Could you repeat the entries below exactly, but only from the line with "Zara \N Black" through the line with "komunikacija, veza, odnosi", and without any picture?

### Data supplied
☆ ☆ ☆ ☆ ☆ ☆ ☆

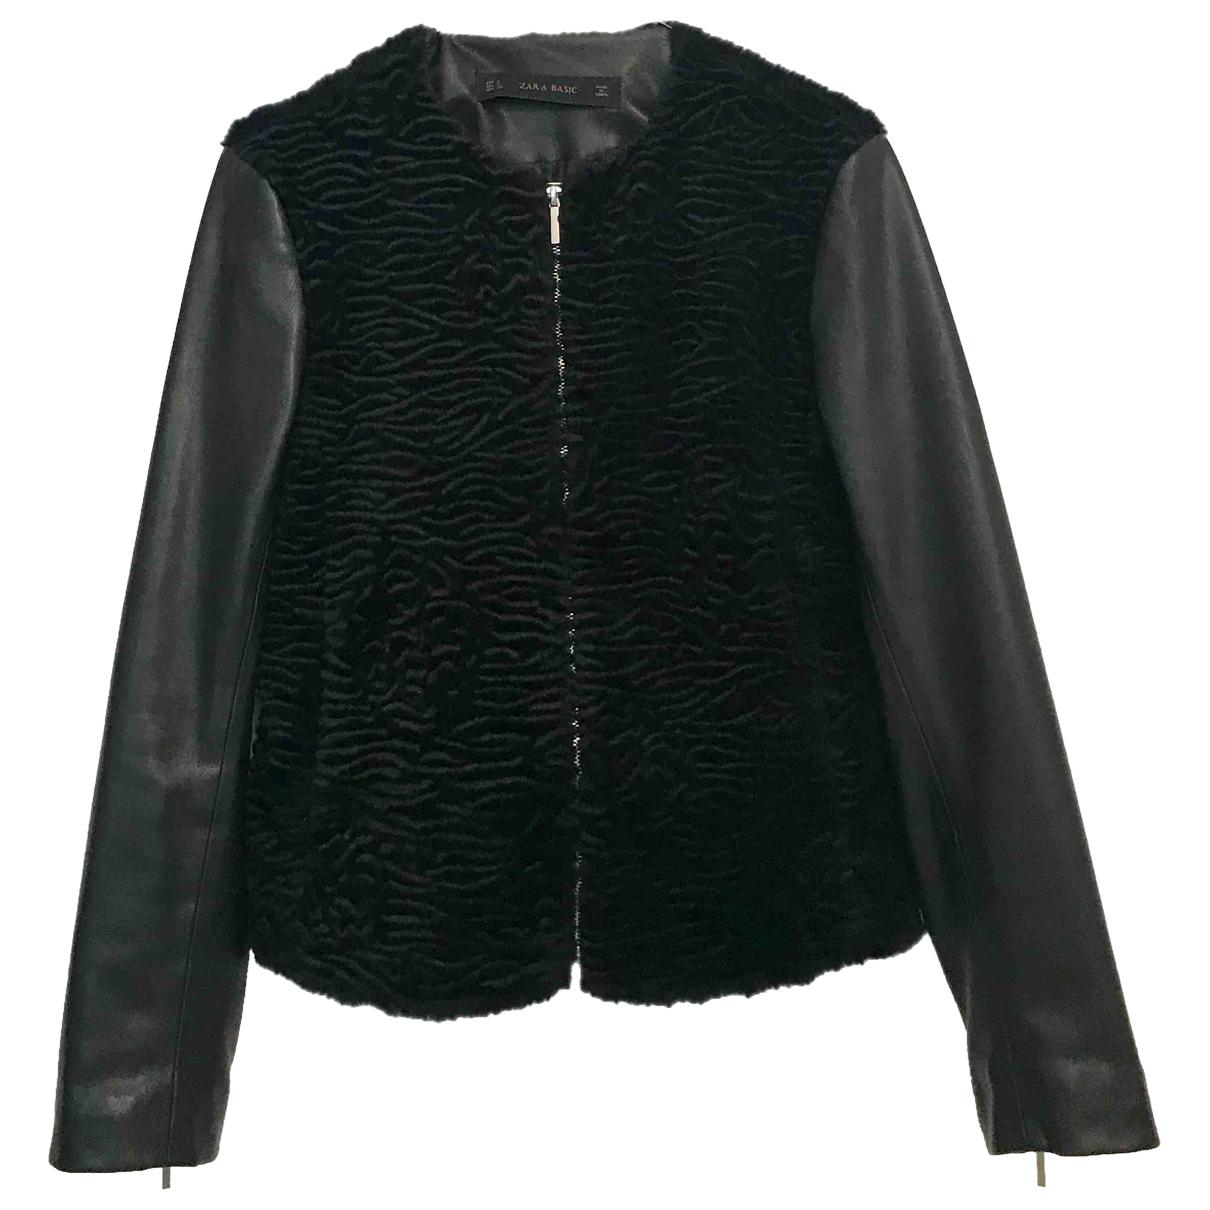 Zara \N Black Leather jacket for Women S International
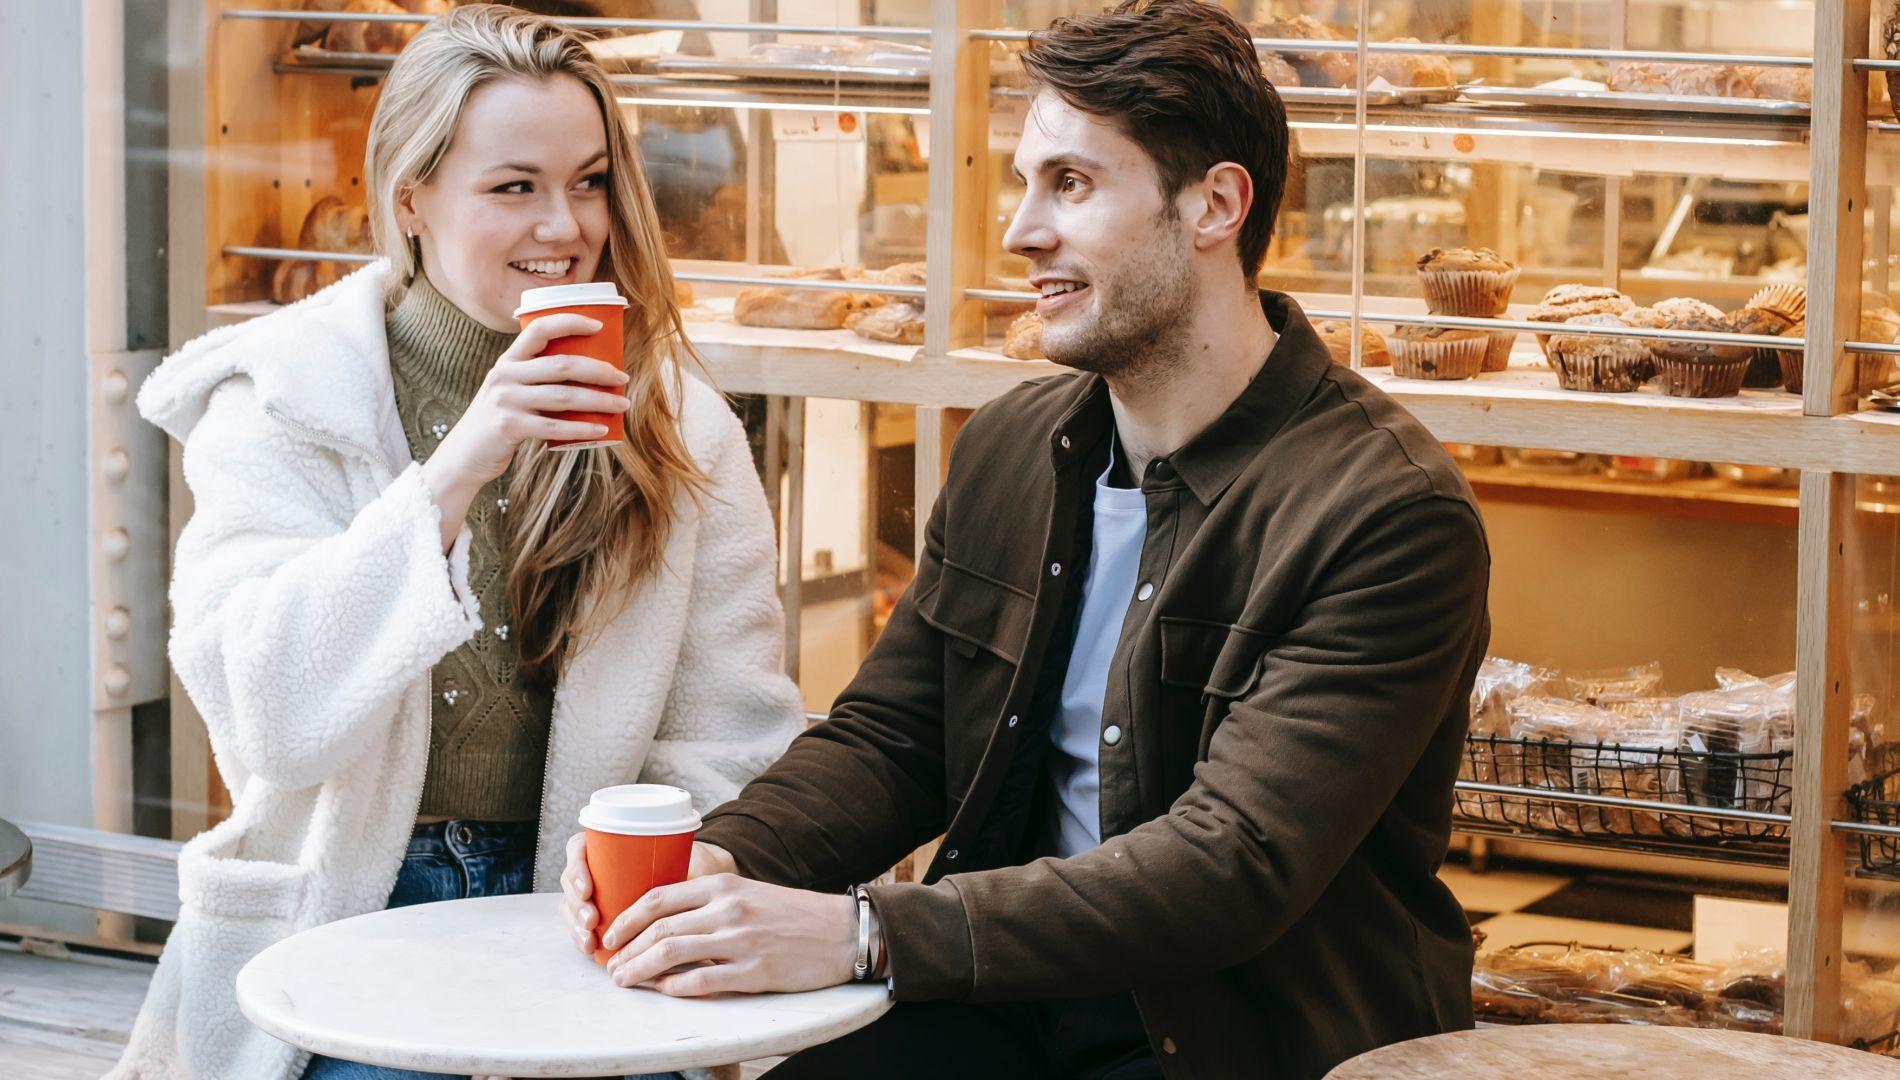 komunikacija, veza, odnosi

☆ ☆ ☆ ☆ ☆ ☆ ☆

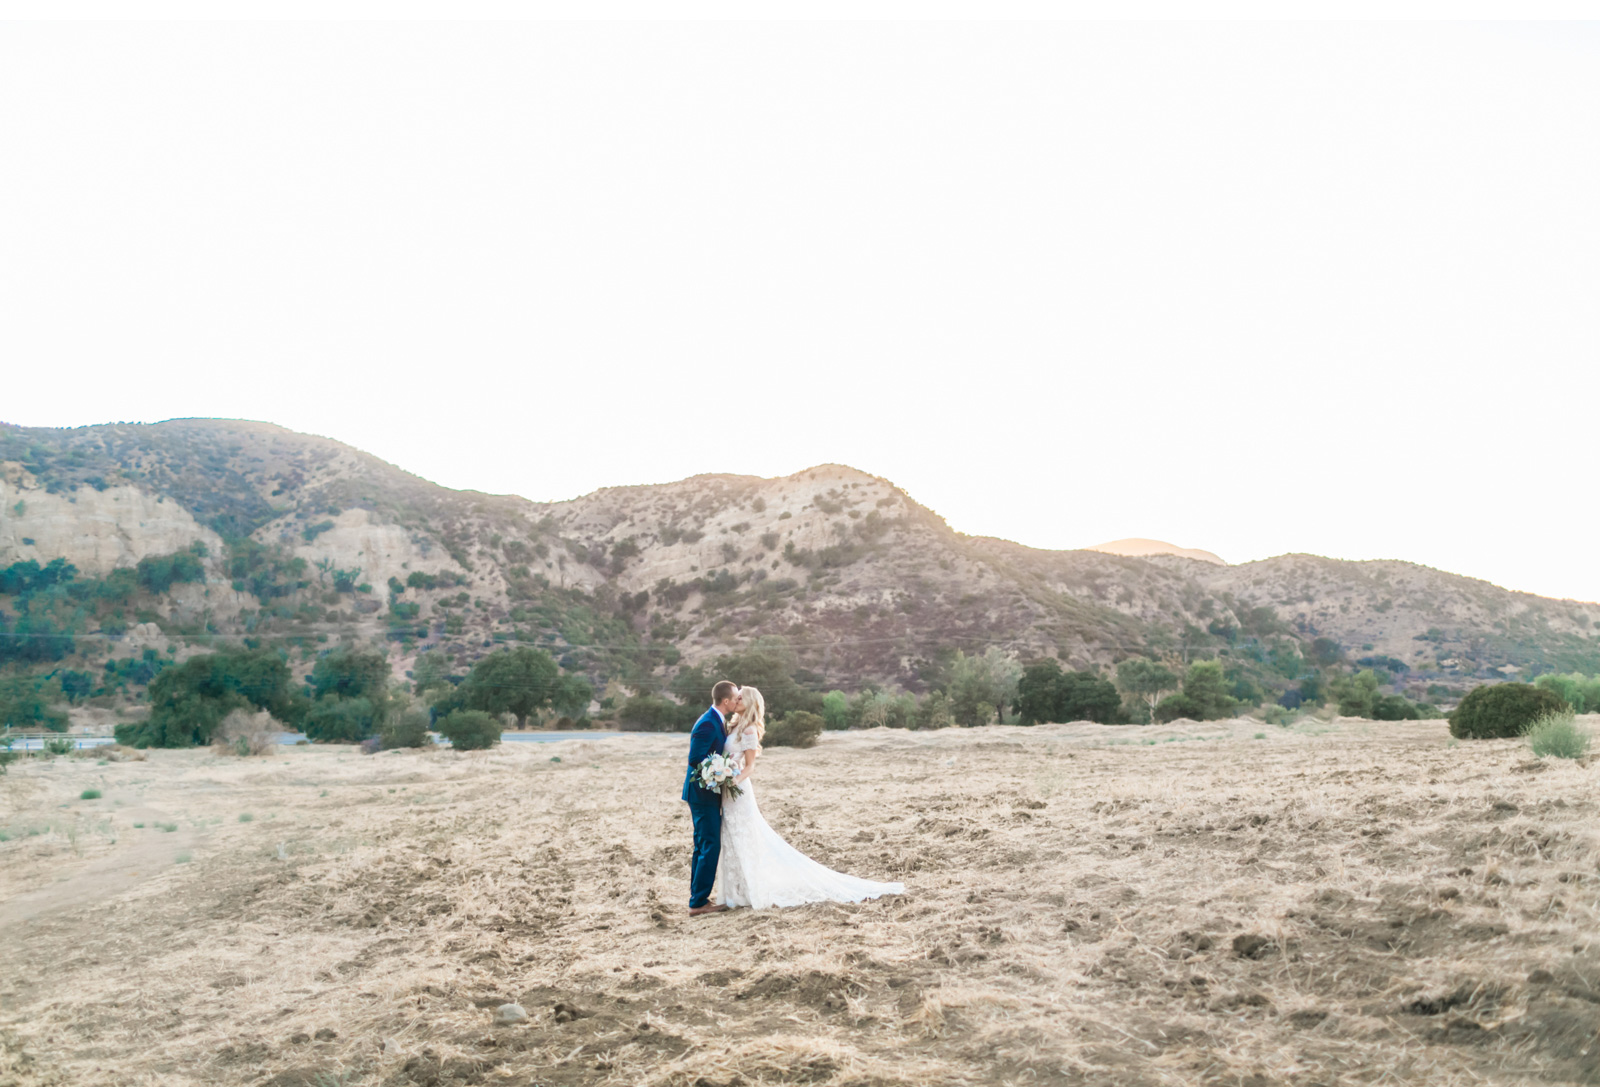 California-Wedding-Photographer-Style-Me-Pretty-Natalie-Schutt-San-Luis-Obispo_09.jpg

☆ ☆ ☆ ☆ ☆ ☆ ☆

### Task response
 Zara \N Black Leather jacket for Women S International
 komunikacija, veza, odnosi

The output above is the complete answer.